Question

A wedge of mass $M$ is kept at rest on a horizontal surface, and a block of mass $m$ is kept on the wedge at the height $h$ from the surface. The angle of the wedge is $\alpha$, and there is no friction neither between the block and wedge nor between the surface and the wedge. The system is released into a free motion. If the time taken by the block to reach the horizontal surface is $\sqrt{\frac{nh}{g}}$, then the value of $n$ is _____.

Answer 1

3

Answer 2

Let $a_m$ be the acceleration of the block along the incline relative to the wedge, and let $A$ be the magnitude of the wedge's acceleration to the left.

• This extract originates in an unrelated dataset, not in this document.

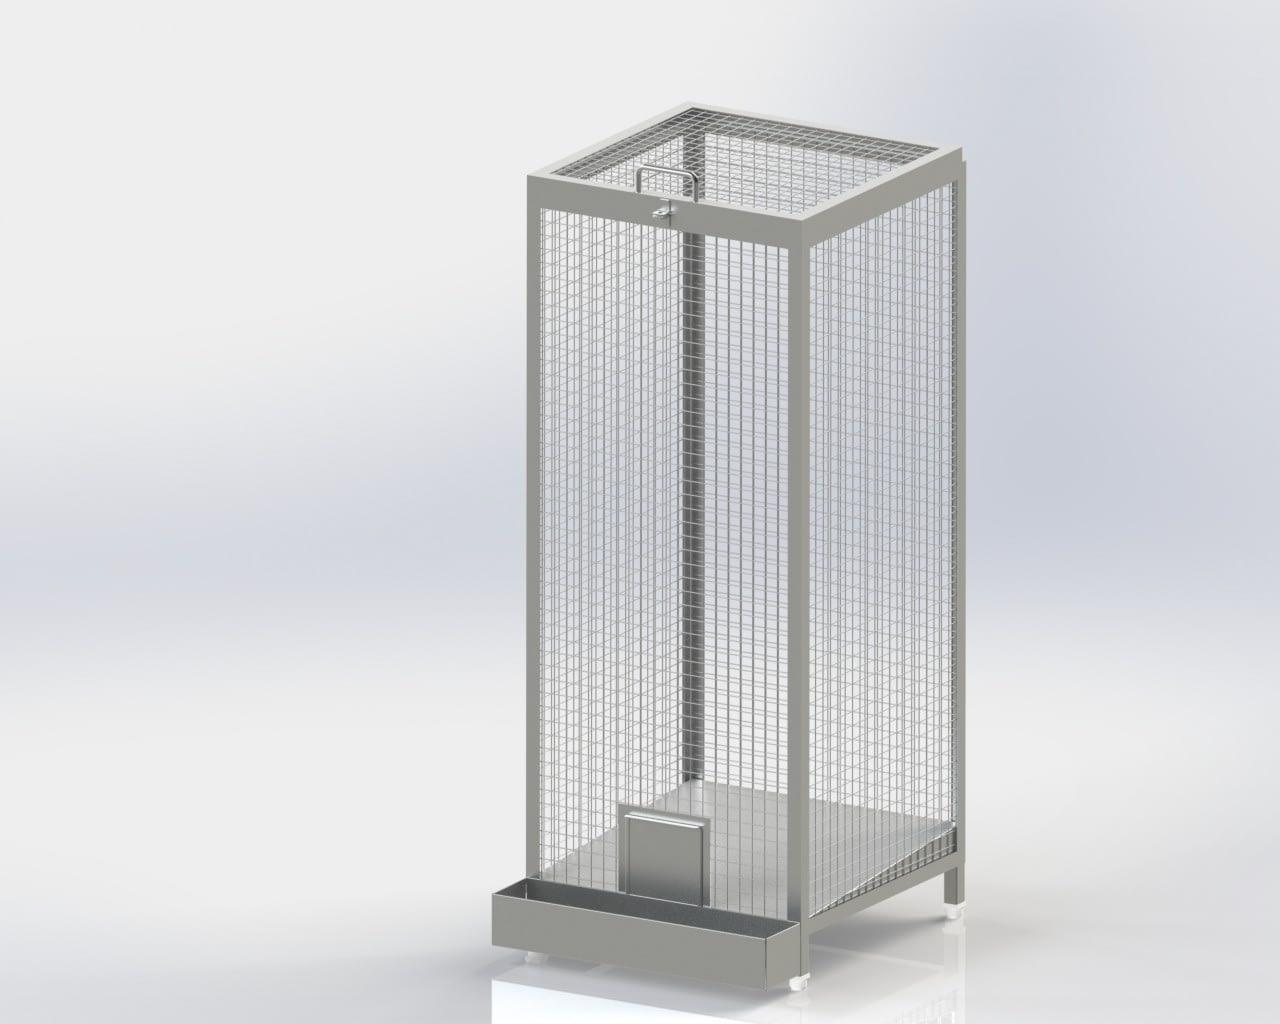 Single Chamber Wire Mesh Storage Bin Fi-Fo Type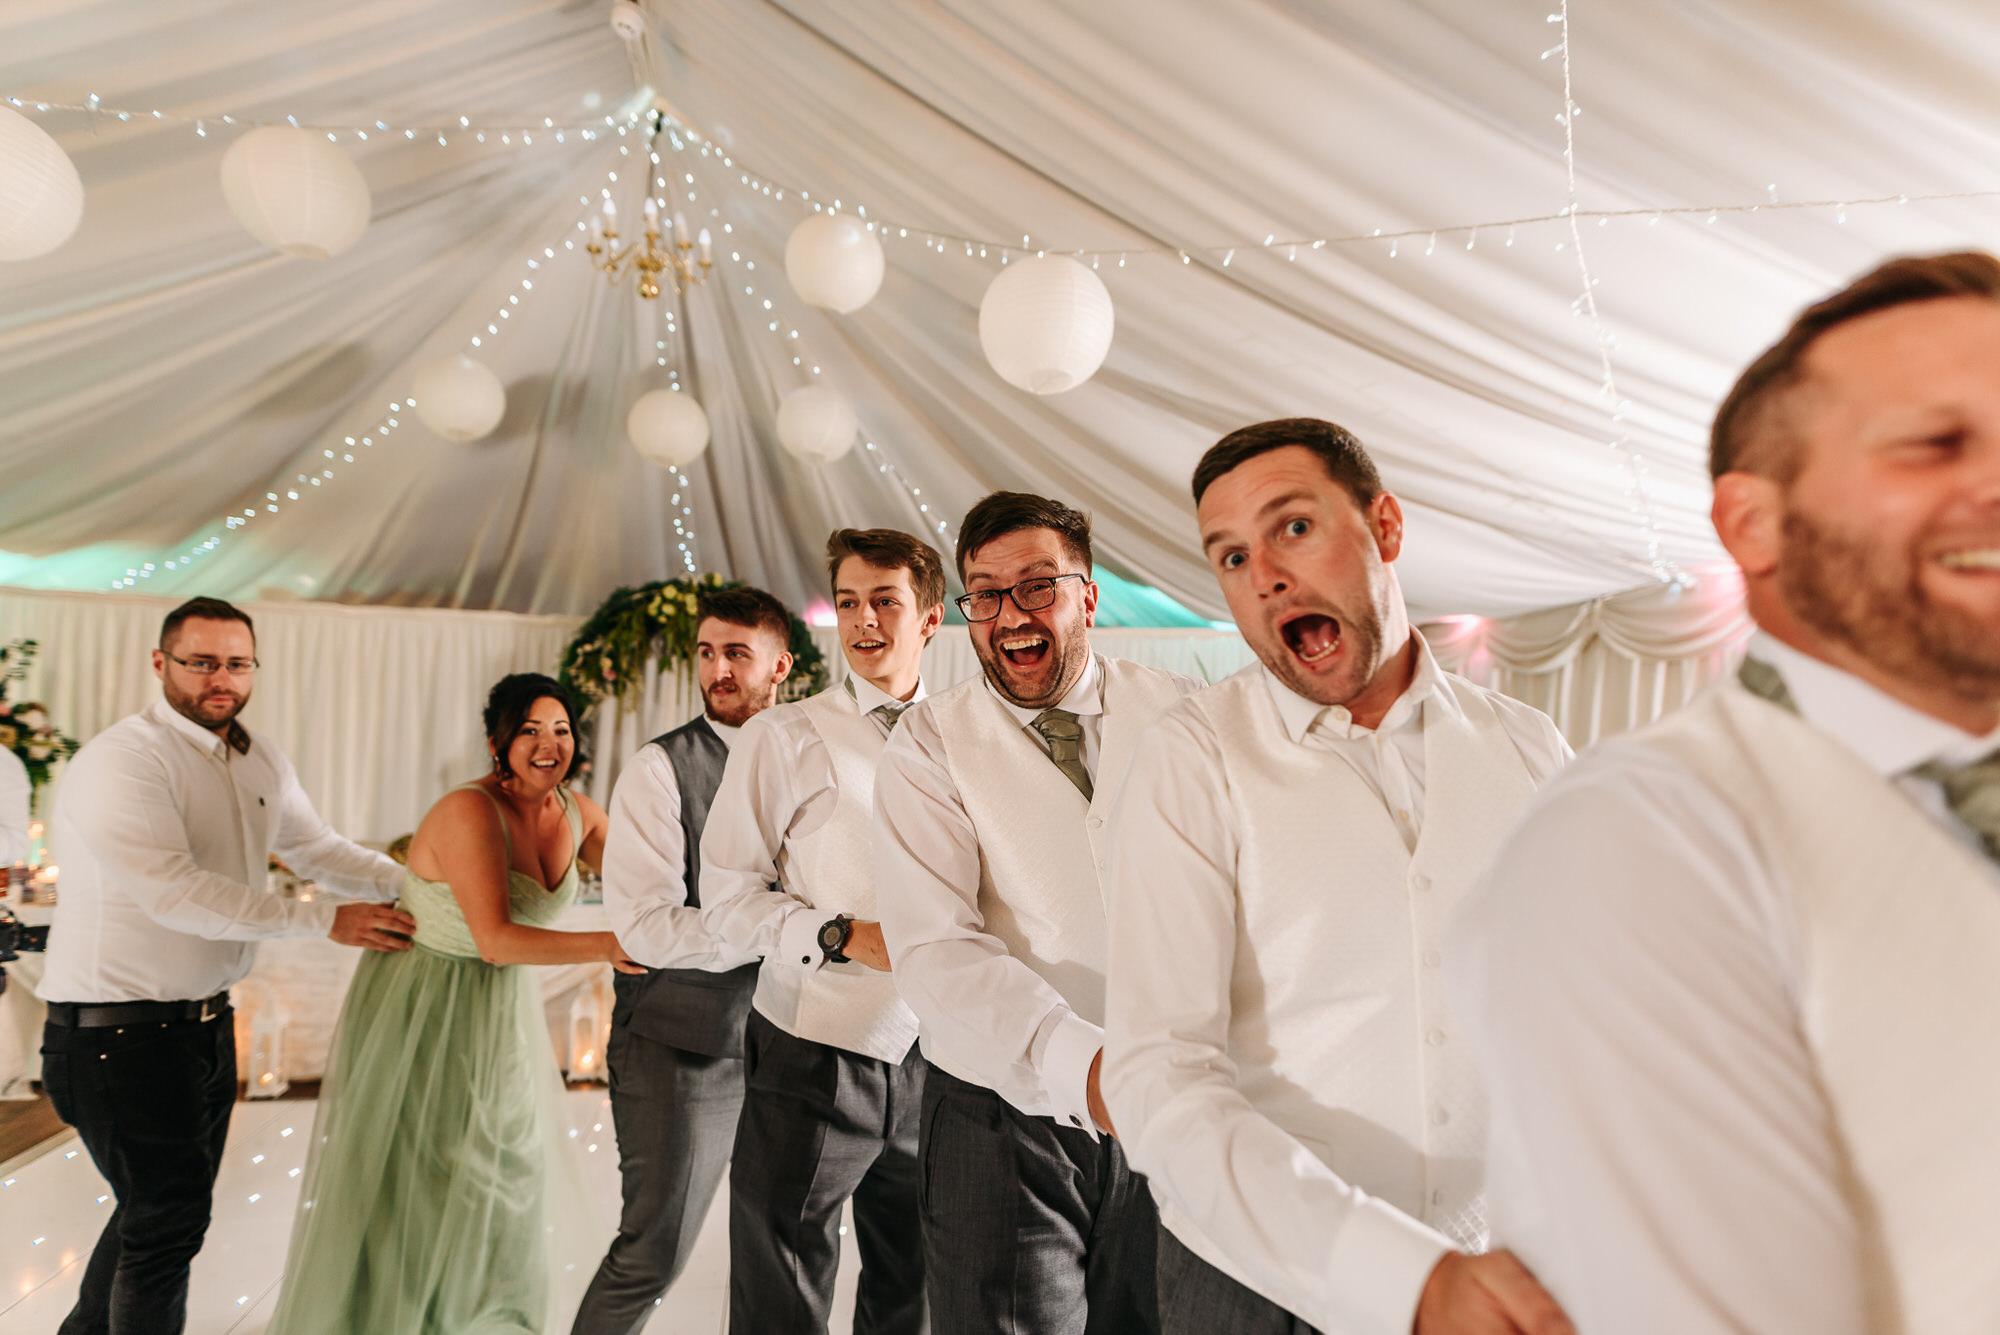 Best Of Yorkshire Wedding Photography 2017 - Martyn Hand-68.jpg

The forces acting on the block along the incline are:

1. Component of gravity: $mg \sin \alpha$
2. Component of fictitious force due to wedge's acceleration $A$ (acting in the direction of wedge's acceleration, i.e., to the left, which is also along the incline direction): $mA \cos \alpha$. The net force along the incline is $m a_m = mg \sin \alpha + mA \cos \alpha$.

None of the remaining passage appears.